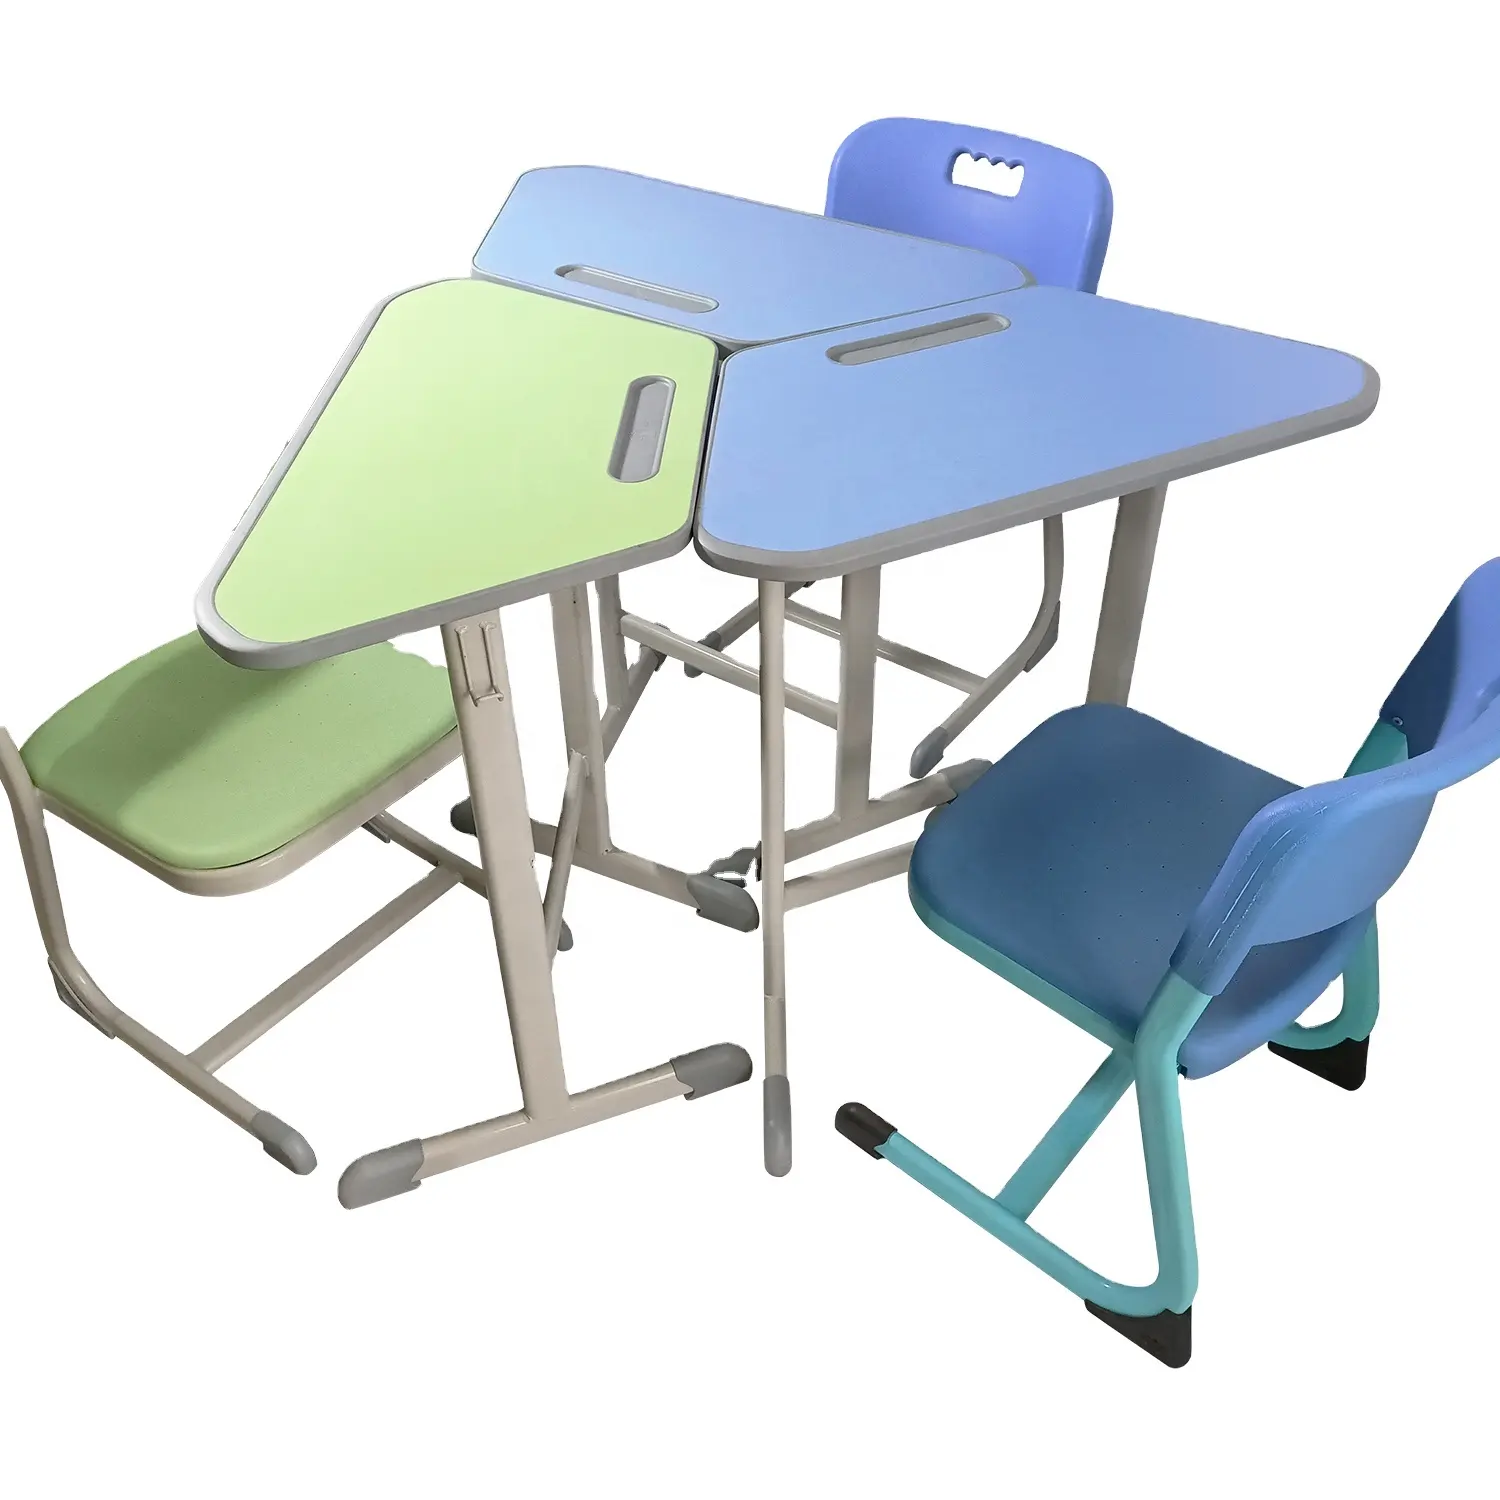 Mobilier scolaire Hexagonal bon marché, bureau fixe et chaise pour enfants, usine de guangzhou
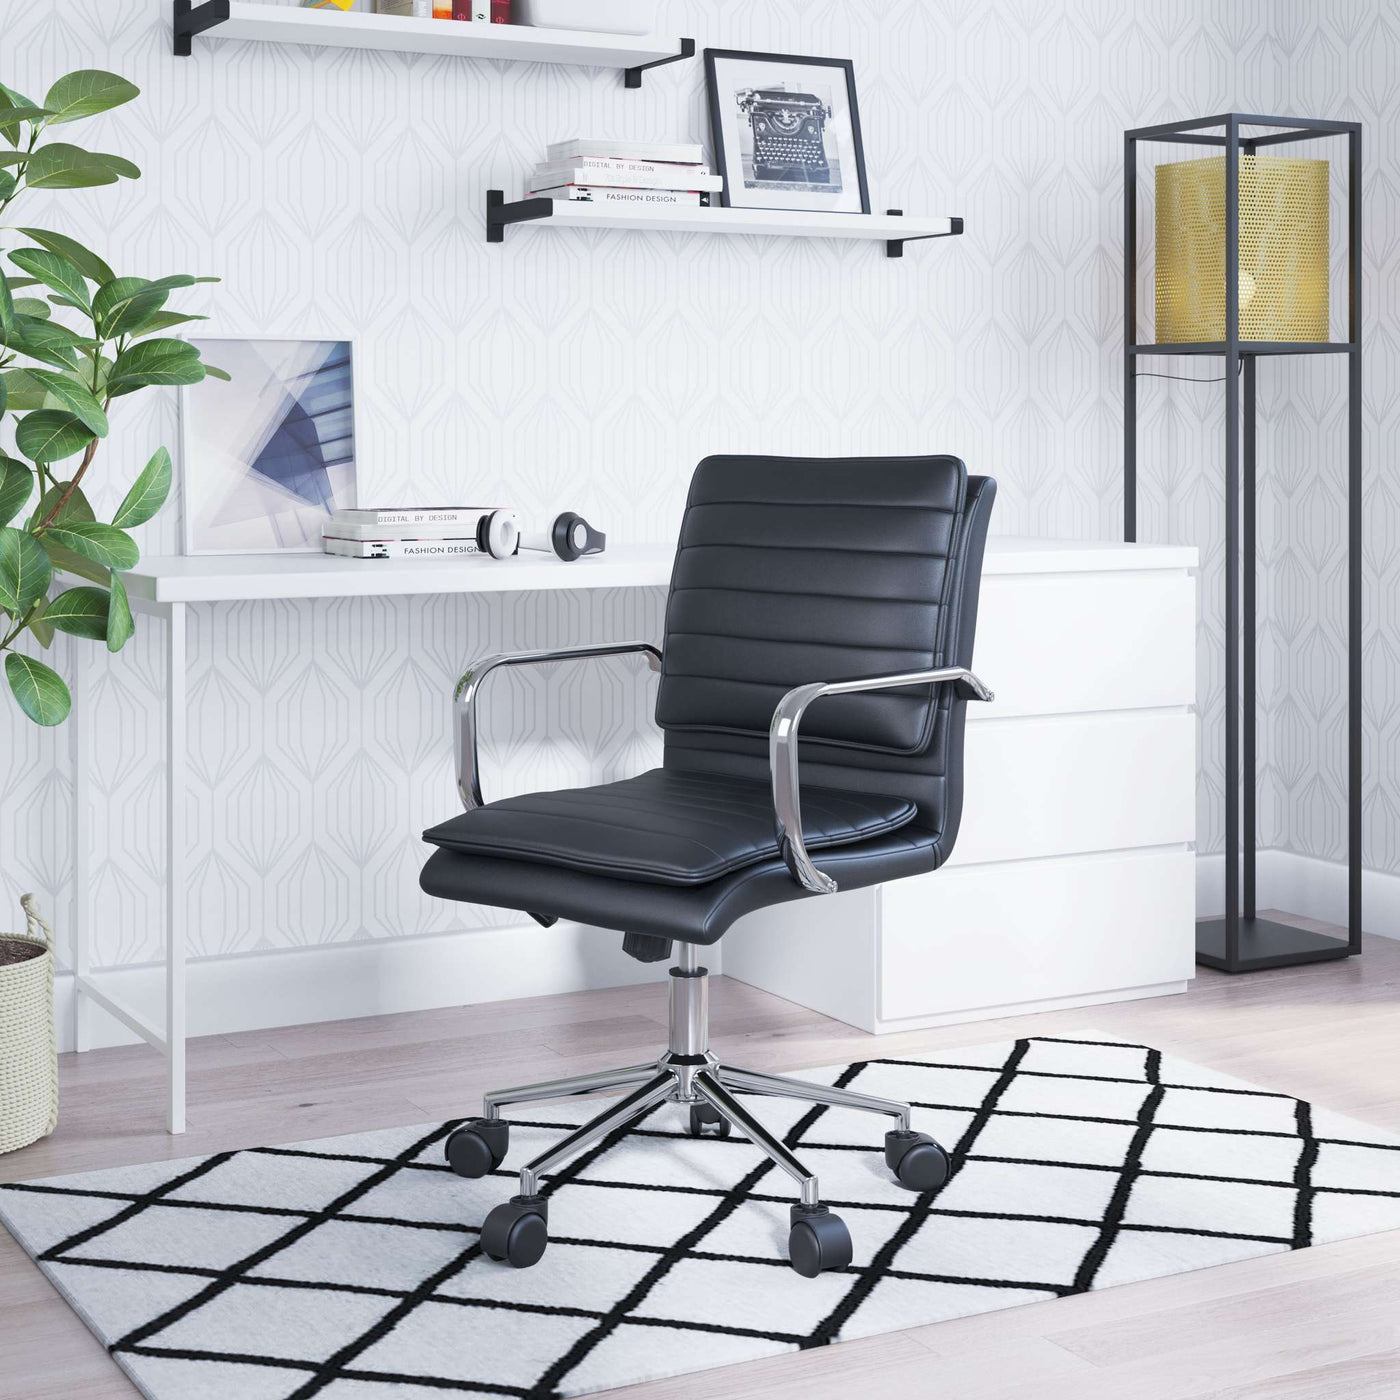 Zuo Mod Partner Office Chair
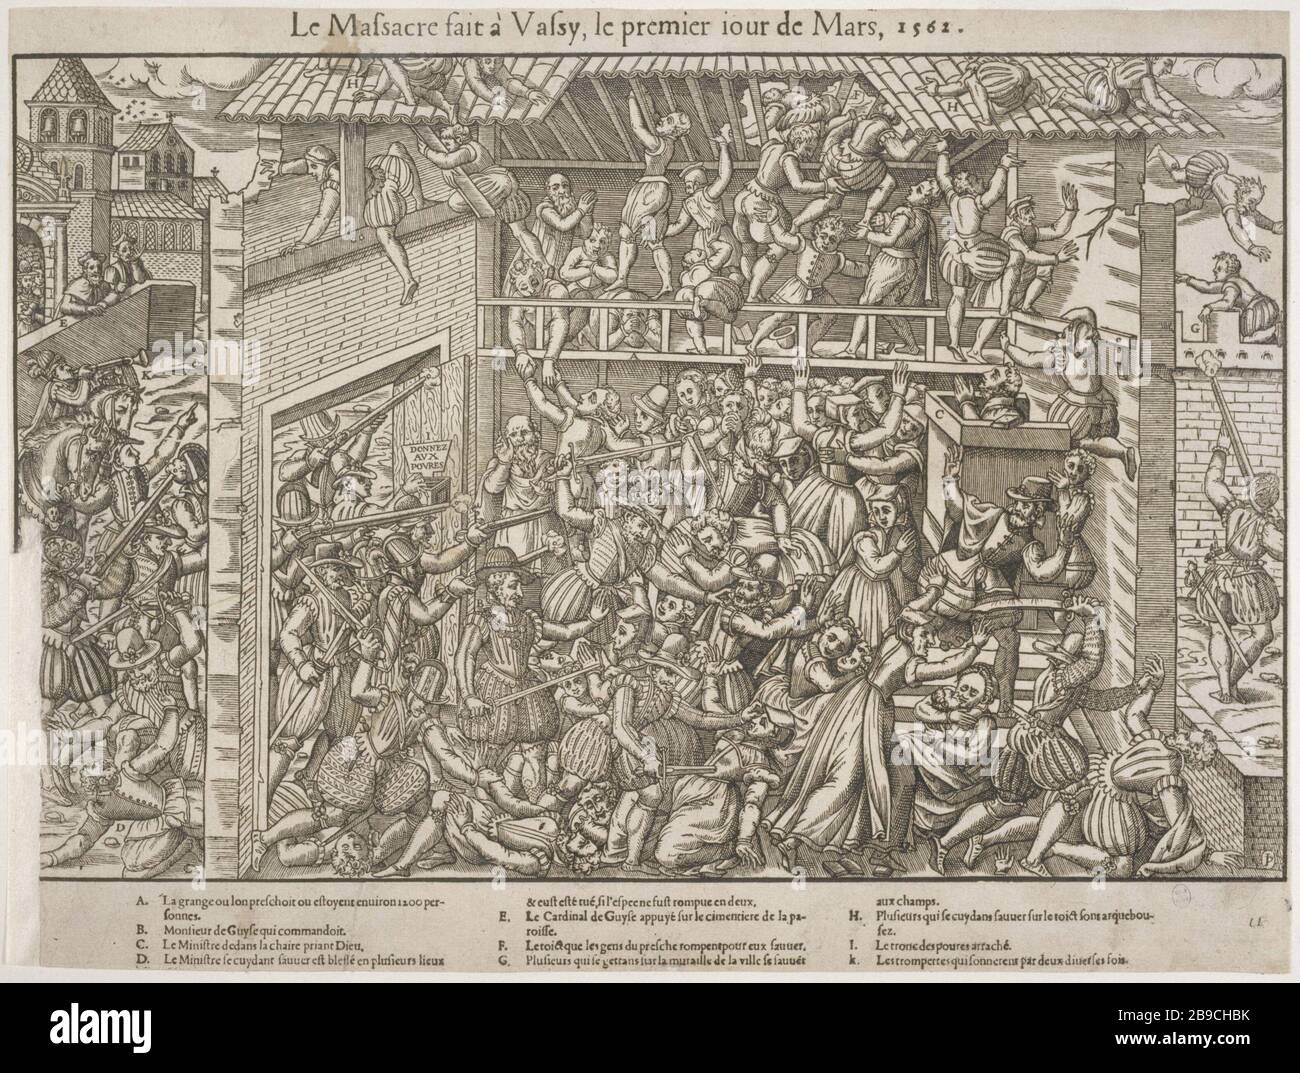 Das Massaker von Vassy "Le Massacre fait à Wassy, le Premier jour de mars 1562". Tiefdruck de Jacques Tortorel et Jean-Jacques Perrissin. Paris, musée Carnavalet. Stockfoto
####################
Where the material above includes pictures, omit them and retype everything else exactly.

> OUTPUT FOR THIS EXERCISE
 Mobilier scolaire Hexagonal bon marché, bureau fixe et chaise pour enfants, usine de guangzhou
 Zuo Mod Partner Office Chair
 Das Massaker von Vassy "Le Massacre fait à Wassy, le Premier jour de mars 1562". Tiefdruck de Jacques Tortorel et Jean-Jacques Perrissin. Paris, musée Carnavalet. Stockfoto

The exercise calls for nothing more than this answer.